Prep 15 mins
Cook 20 mins
Love yellow squash. Smothering is a Cajun cooking term that refers to browning anything from meat to vegetables in oil, then braising it in a small amount of liquid, tightly covered, until tender. The recipe comes from Gourmet magazine.
- 2 tablespoons olive oil
- 1 1⁄2 lbs yellow squash, halved lengthwise and cut crosswise into 1/8 inch thick slices
- 2 garlic cloves, finely chopped (or put through garlic press)
- 1⁄2 cup water
- 1⁄4 teaspoon salt
- 1⁄8 teaspoon pepper
- 1⁄4 cup finely chopped fresh basil
- Heat 1 tablespoon olive oil in a 12-inch heavy skillet over moderately high heat until hot, But not smoking, then add half of the squash and saute, stirring occasionally, until browned, about 5 minutes.
- Transfer browned squash to a bowl, then heat remaining olive oil and saute remaining squash in the same manner.
- Return squash from bowl to skillet, add garlic and saute, stirring occasionally, 1 minute.
- Add water, salt, and pepper and simmer briskly, covered, until squash is tender and most of the liquid has evaporated, 6 to 7 minutes.
- Stir in basil and serve.
Excellent Recipe.
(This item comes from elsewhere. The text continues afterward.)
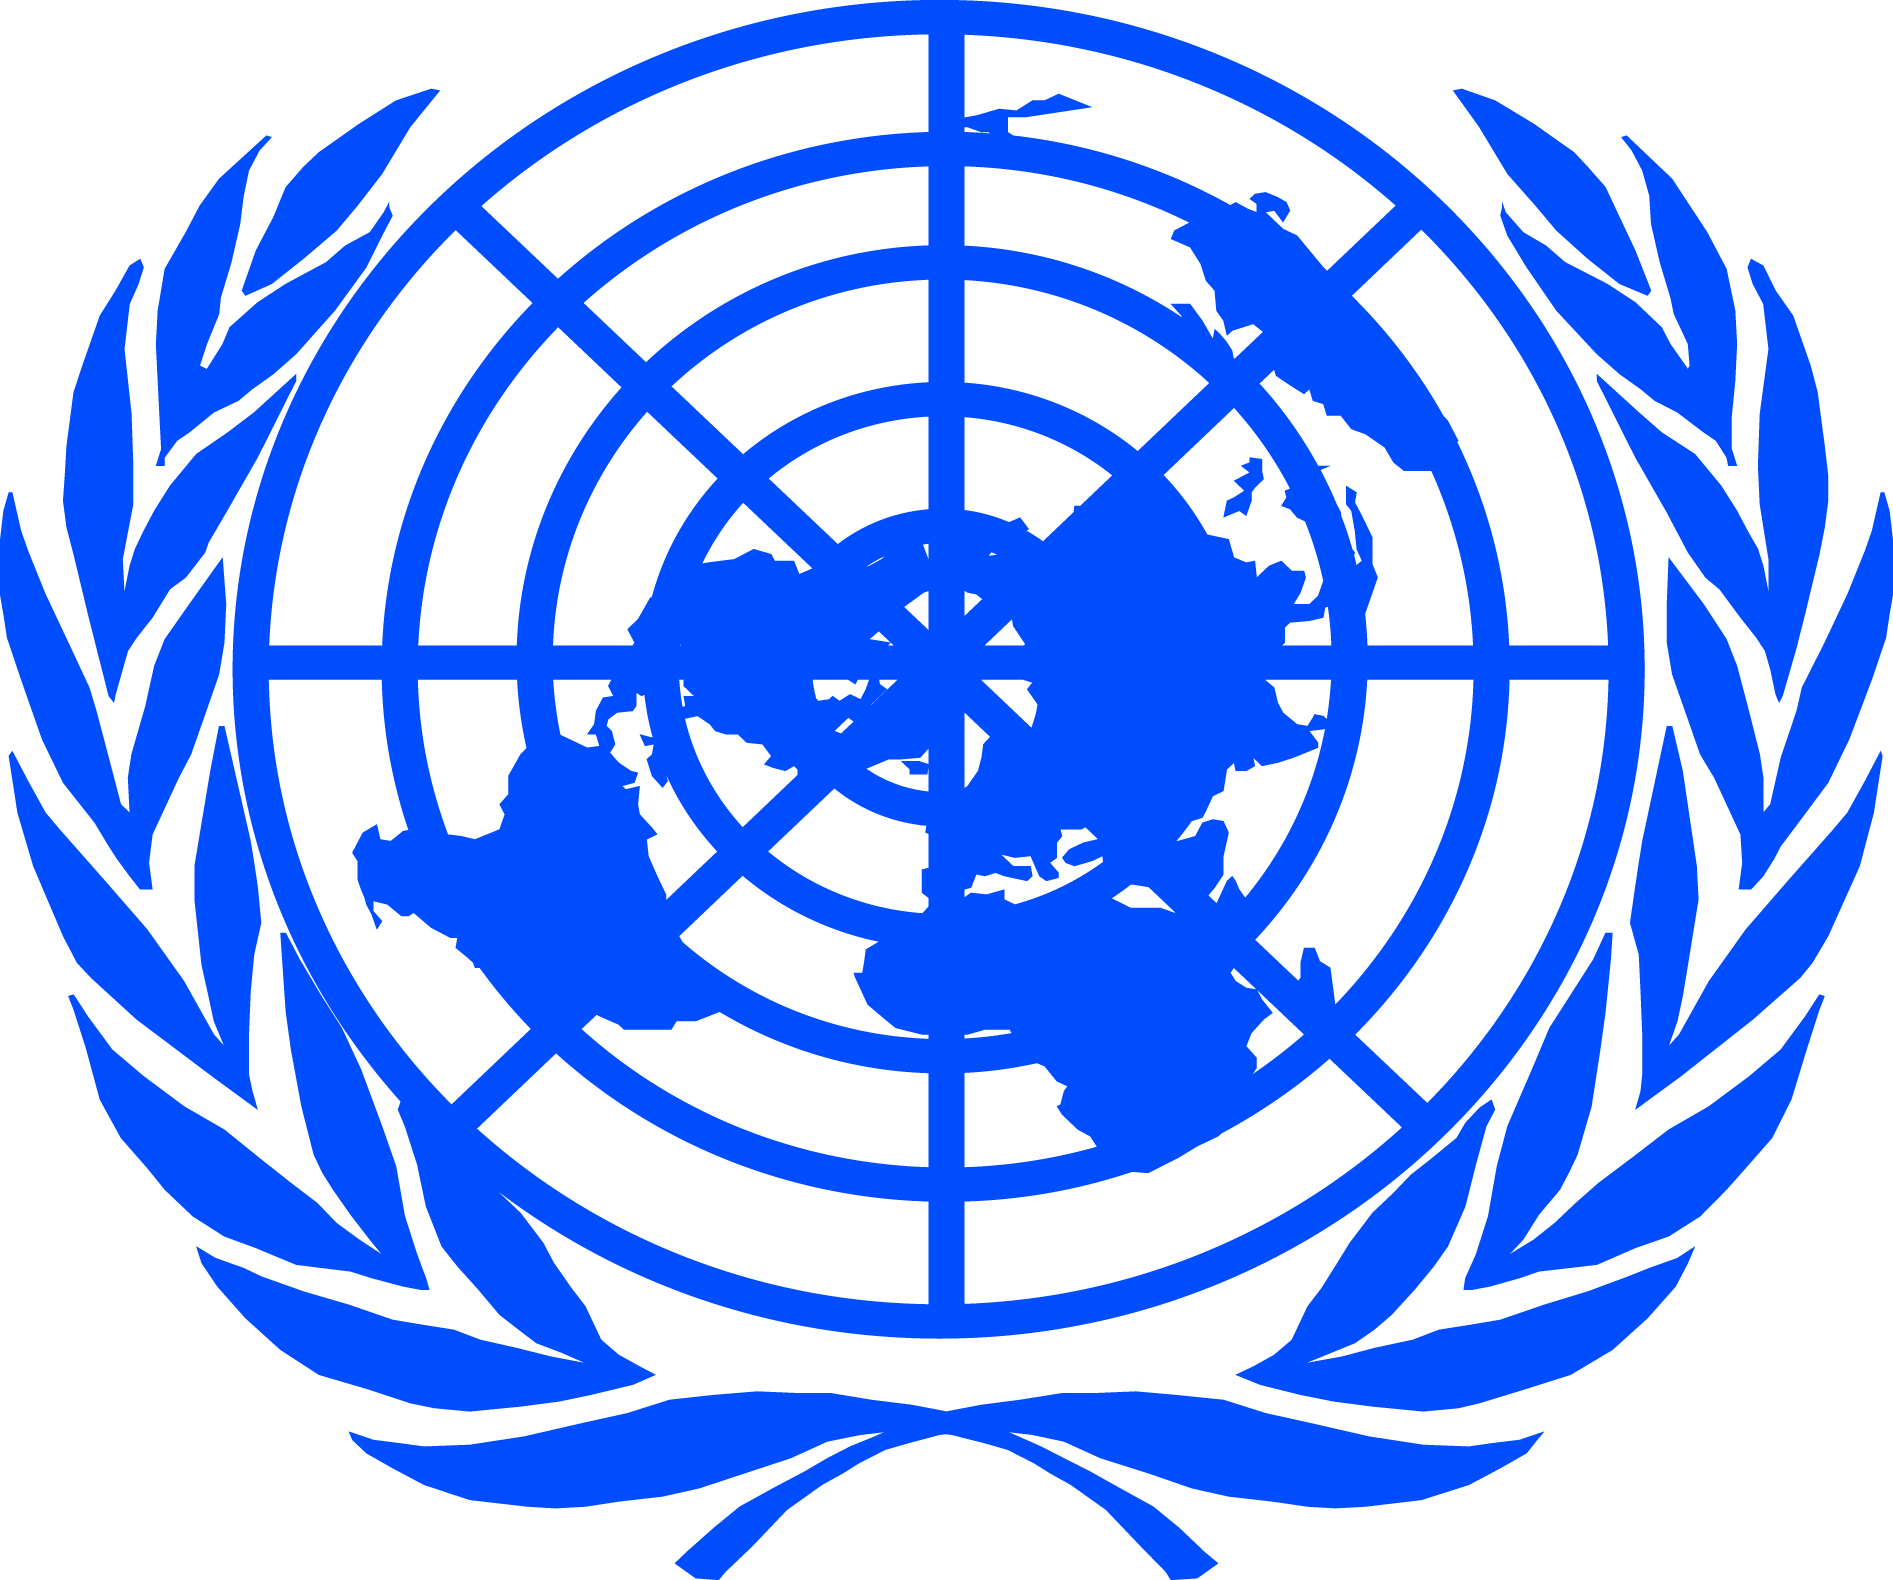 Кодекс оон. Всемирная организация ООН. Международные организации ООН. Организация Объединенных наций (ООН). Совет безопасности ООН флаг.

I would like to point out that "smothering" is a Southern cooking term not a French/Cajun cooking term. "Etouffee" is the French/Cajun cooking term which describes "smothering". I learned that from my French grandmother from Bayou La Fourche who was, like you, an excellent cook.
Oh yeah! This one is going into the cookbook! Took a chance with the first two yellow squash of the season, and my hubby "yummed" all the way through! Thanks, Barb.
This was actually quite good. It had lots of flavor, especially for squash. I added a bit more salt on the plate, but other than that, it was really good. I did use a variety of squash, as I didn't have much yellow. Thanks.